Keep the images out while you retype all of the data exactly.

_RECORDED DATA:_
=====

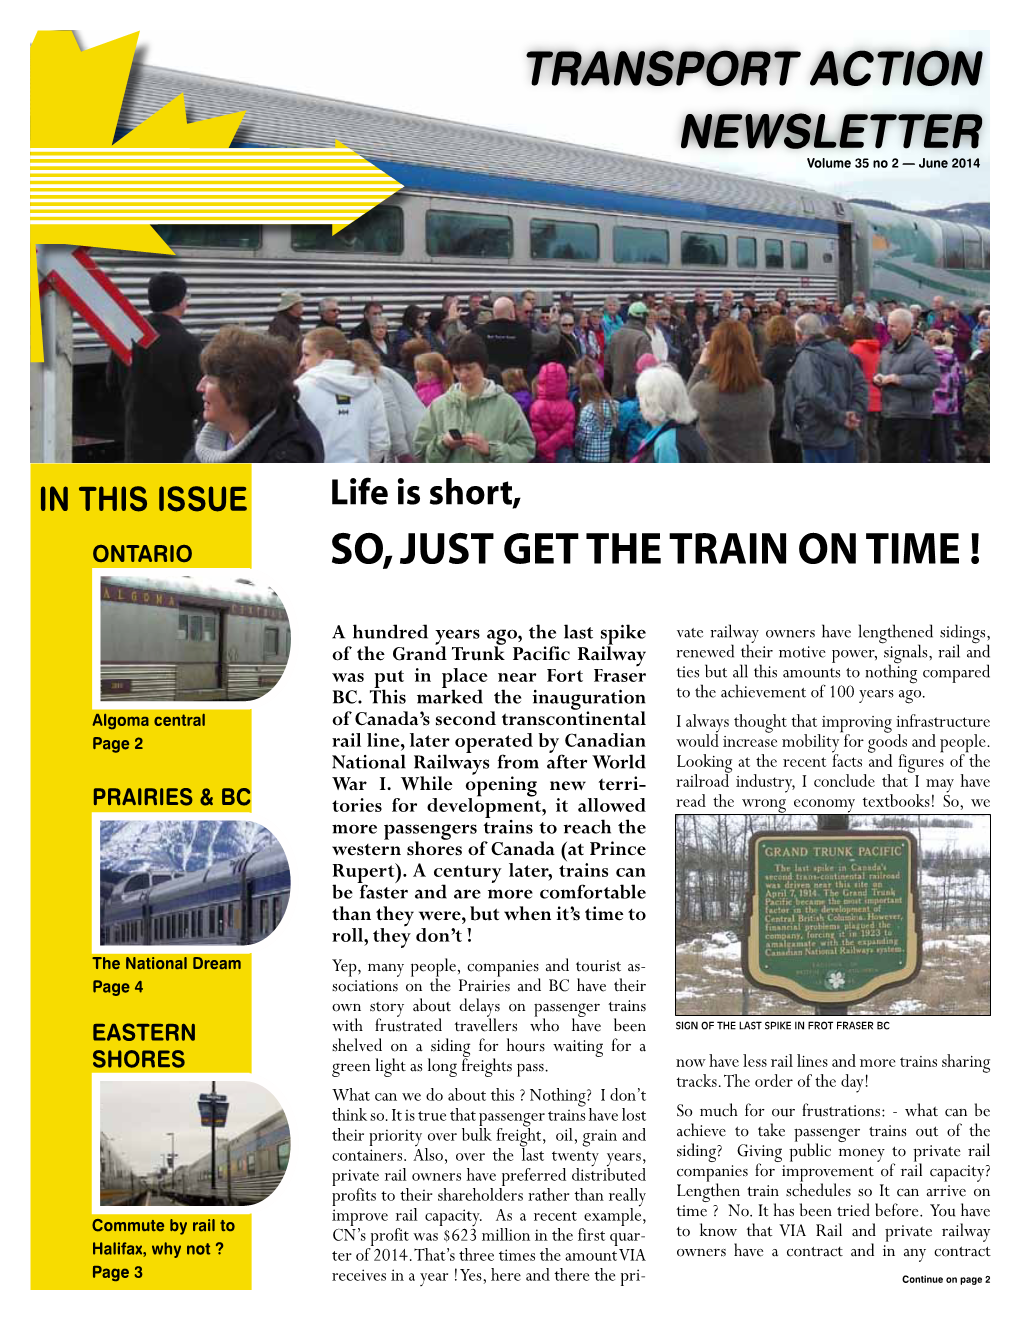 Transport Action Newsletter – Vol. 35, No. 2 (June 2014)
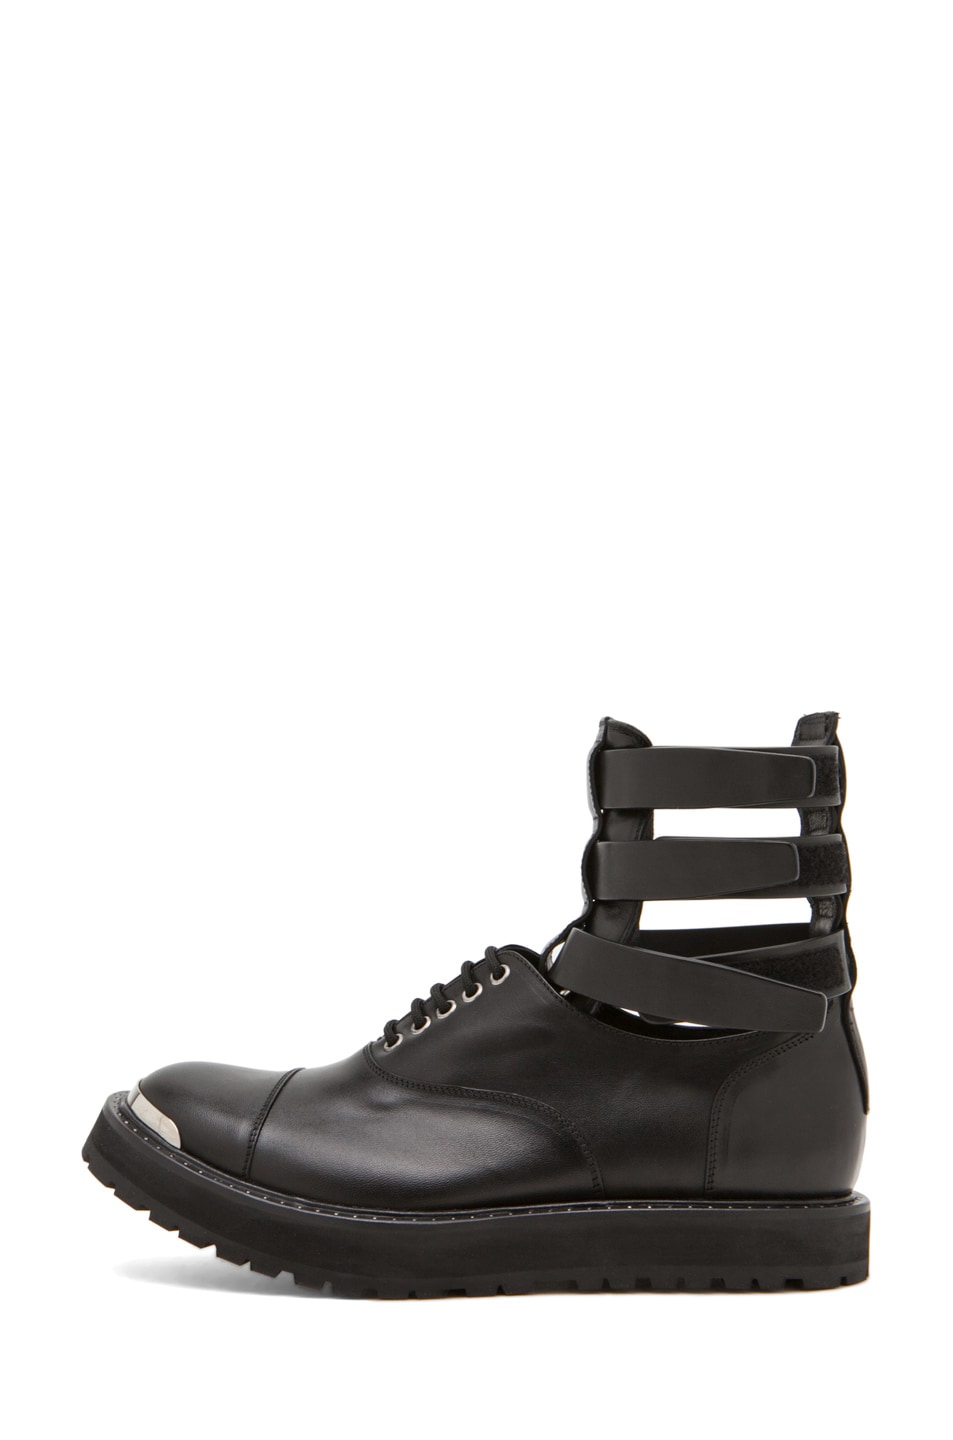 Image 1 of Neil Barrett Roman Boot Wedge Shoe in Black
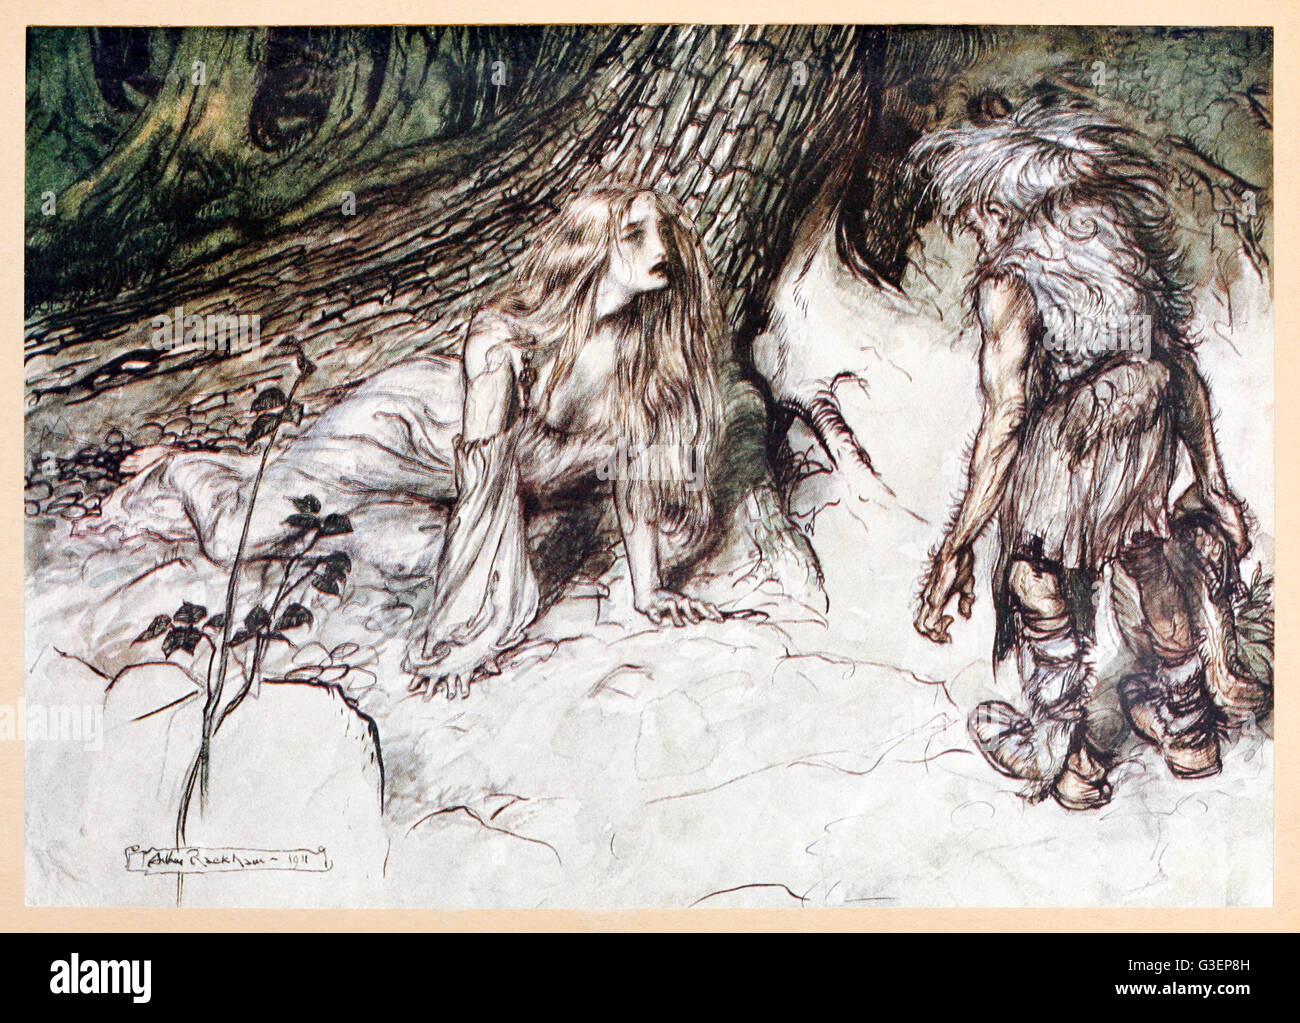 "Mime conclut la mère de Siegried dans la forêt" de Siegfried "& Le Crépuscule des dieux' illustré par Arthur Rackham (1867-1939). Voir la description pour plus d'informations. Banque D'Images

=====

_ANSWER BOX:_
 Transport Action Newsletter – Vol. 35, No. 2 (June 2014)
 Image 1 of Neil Barrett Roman Boot Wedge Shoe in Black
 "Mime conclut la mère de Siegried dans la forêt" de Siegfried "& Le Crépuscule des dieux' illustré par Arthur Rackham (1867-1939). Voir la description pour plus d'informations. Banque D'Images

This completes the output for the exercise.